From the screen of my trusty Z10 using the exceptional BlackBerry VKB.
Never said smart watches would replace smartphones, I believe we are still faraway from that sort of scenario. The reason I believe they could outsell smartphones however is due to the number of areas a smartwatch can be introduced vs phones, again due to the fact that a smartwatch is now the closest thing in tracking a person’s whereabouts and well-being amongst other things, this opens it up to more possibilities than we can even think of at this point in time.
I do believe it’s a great idea, of course for everything good in technology there’s the bad, and one can only hope companies take the correct measures for this, much in the same way as in smartphones. There are still people out there who actually believe their digital footprint is minimal because of the smartphone they use.

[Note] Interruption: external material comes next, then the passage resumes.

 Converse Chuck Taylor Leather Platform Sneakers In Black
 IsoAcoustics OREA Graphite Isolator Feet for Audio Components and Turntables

No, they chose to spend their money in the wrong places, which is called bad investments. They always had billions in cash on hand and never used it to market where they wanted to go, because they likely didn't know themselves. They wanted phones to stay dumb and dependant upon their own infrastructure and didn't position their products in the market the way they could have. To make it worse, They wasted millions trying to get Alycia Keys and other celebs to be spokespeople, but didn't have a message about their products. They, like you, blamed it on the products, the market, and everything else, except on their own failures which was lack of marketing and their own arrogance. Case in point, the only reason people buy ****ty my pillows stuffed with foam rubber fill that was invented in the 40's, is because marketing is powerful. Imagine if blackberry had tried it.